# saturday at the berry



## deadicated1 (Mar 17, 2008)

well me and deadicatedweim hit up the berry today, and caught 6 fish through the ice in around 2 hours. we even got one just under 23", so we actually got to keep one. we also tried the ladders for a while, but nothing exciting there. we basically had the lake to ourselves, seeing only 3 or 4 other people fishing. i guess all you die hard boat fisherman have given up on ice-fishing. oh well, better for me!!


----------



## metal_fish (Mar 19, 2008)

Nice Fish, April 26th and still ice fishing thats amazing!


----------



## Greenguy88 (Sep 7, 2007)

Good job guys! Thats a nice looking cutty. I gave up on ice fishing for this season a while ago. Its crazy to see an ice fishing report from this late! Maybe I might just dust of the gear... :mrgreen:


----------



## Nor-tah (Dec 16, 2007)

Nice fish boys! The crazy thing about it is that you drove a wheeler on it with no slush! :shock:


----------



## orvis1 (Sep 7, 2007)

I think you called it right as soon as the water started to open up, the ice fishing gear went into storage til next year.


----------



## iceicebaby (Dec 17, 2007)

How thick was the ice? Edges still ok?


----------



## deadicatedweim (Dec 18, 2007)

iceicebaby said:


> How thick was the ice?
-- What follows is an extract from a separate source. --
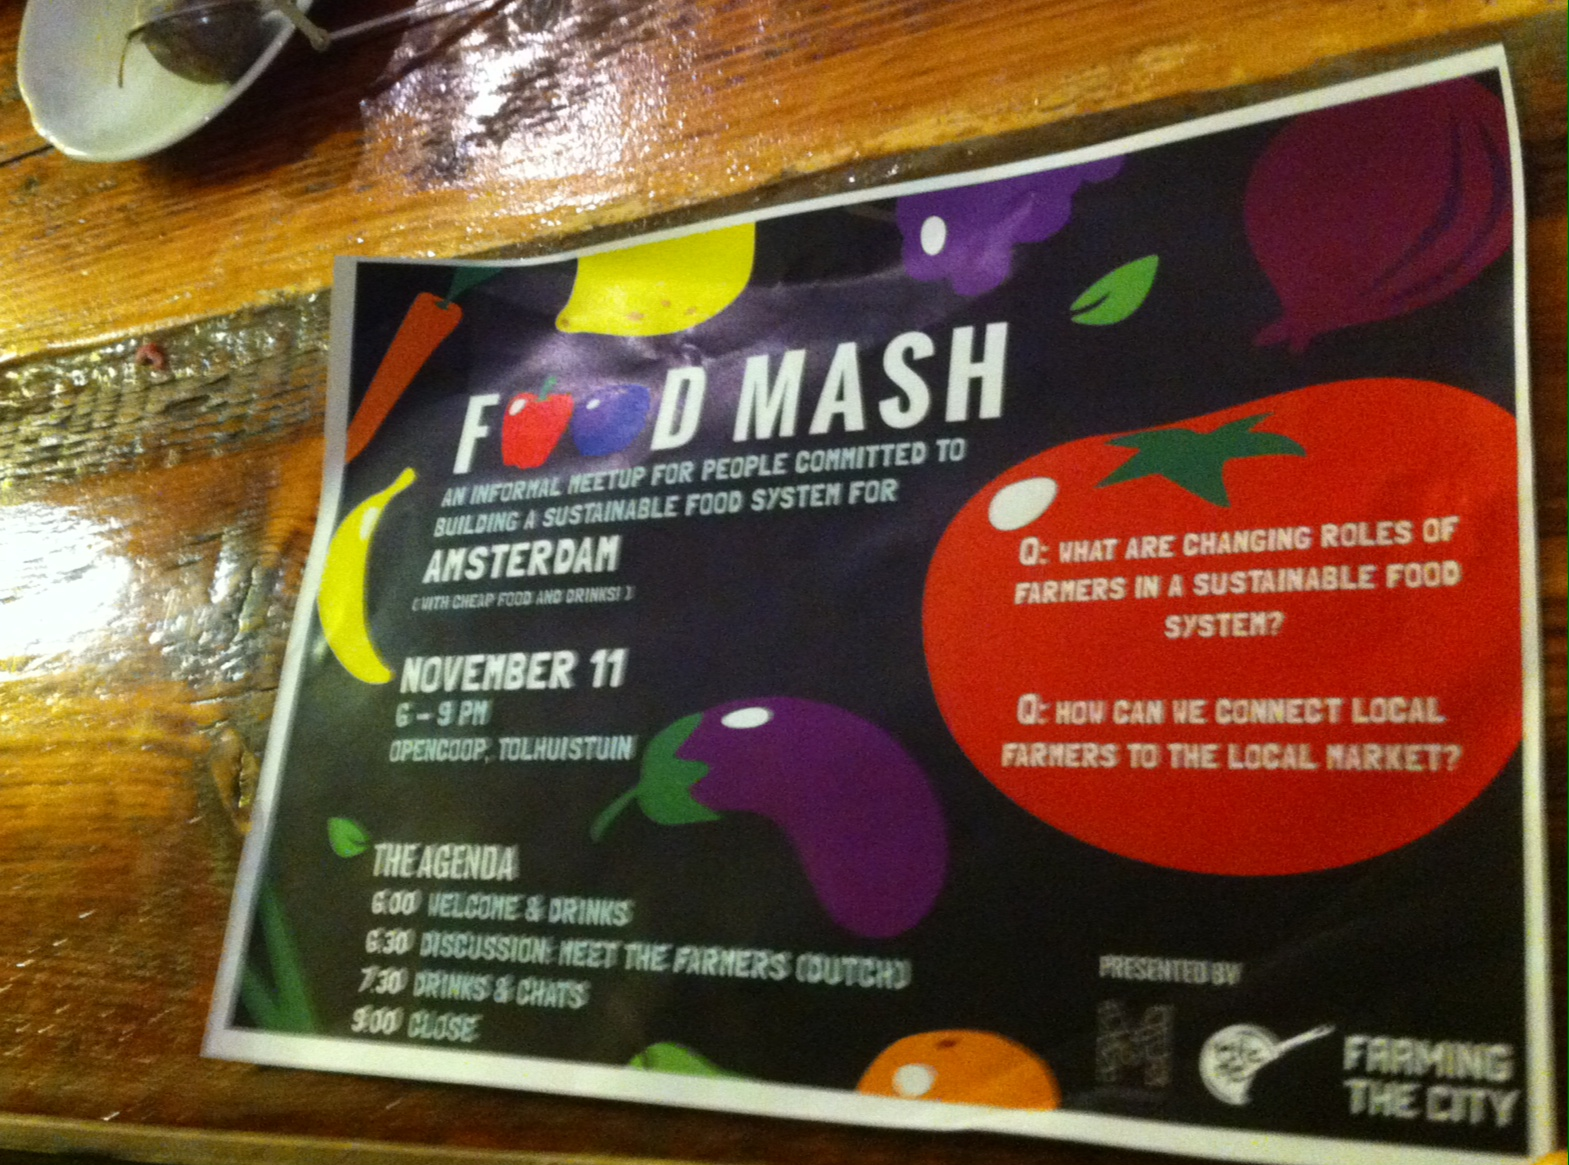 food mash poster wood

Edges still ok?


30 inches, there isn't any slush on the top and it looks like if you were there in the afternoon on a warm day the edges may get a little but we didn't have any problems driving on or off on saturday around one.


----------



## deadicated1 (Mar 17, 2008)

someone said they heard that currant creek is still under "20" of ice. if this is a close estimate, why would strawberry be so much thicker? does it just get colder down in that valley, or was the 20" not realistic?


----------



## pintail (Apr 20, 2008)

renob's!!!


----------



## deadicatedweim (Dec 18, 2007)

pintail said:


> renob's!!!


sorry i don't use that for bait. 

I'm going in the morning on the 2nd. If I do as good as I have planned you better put away your pink purse and panties and come fish on saturday.


----------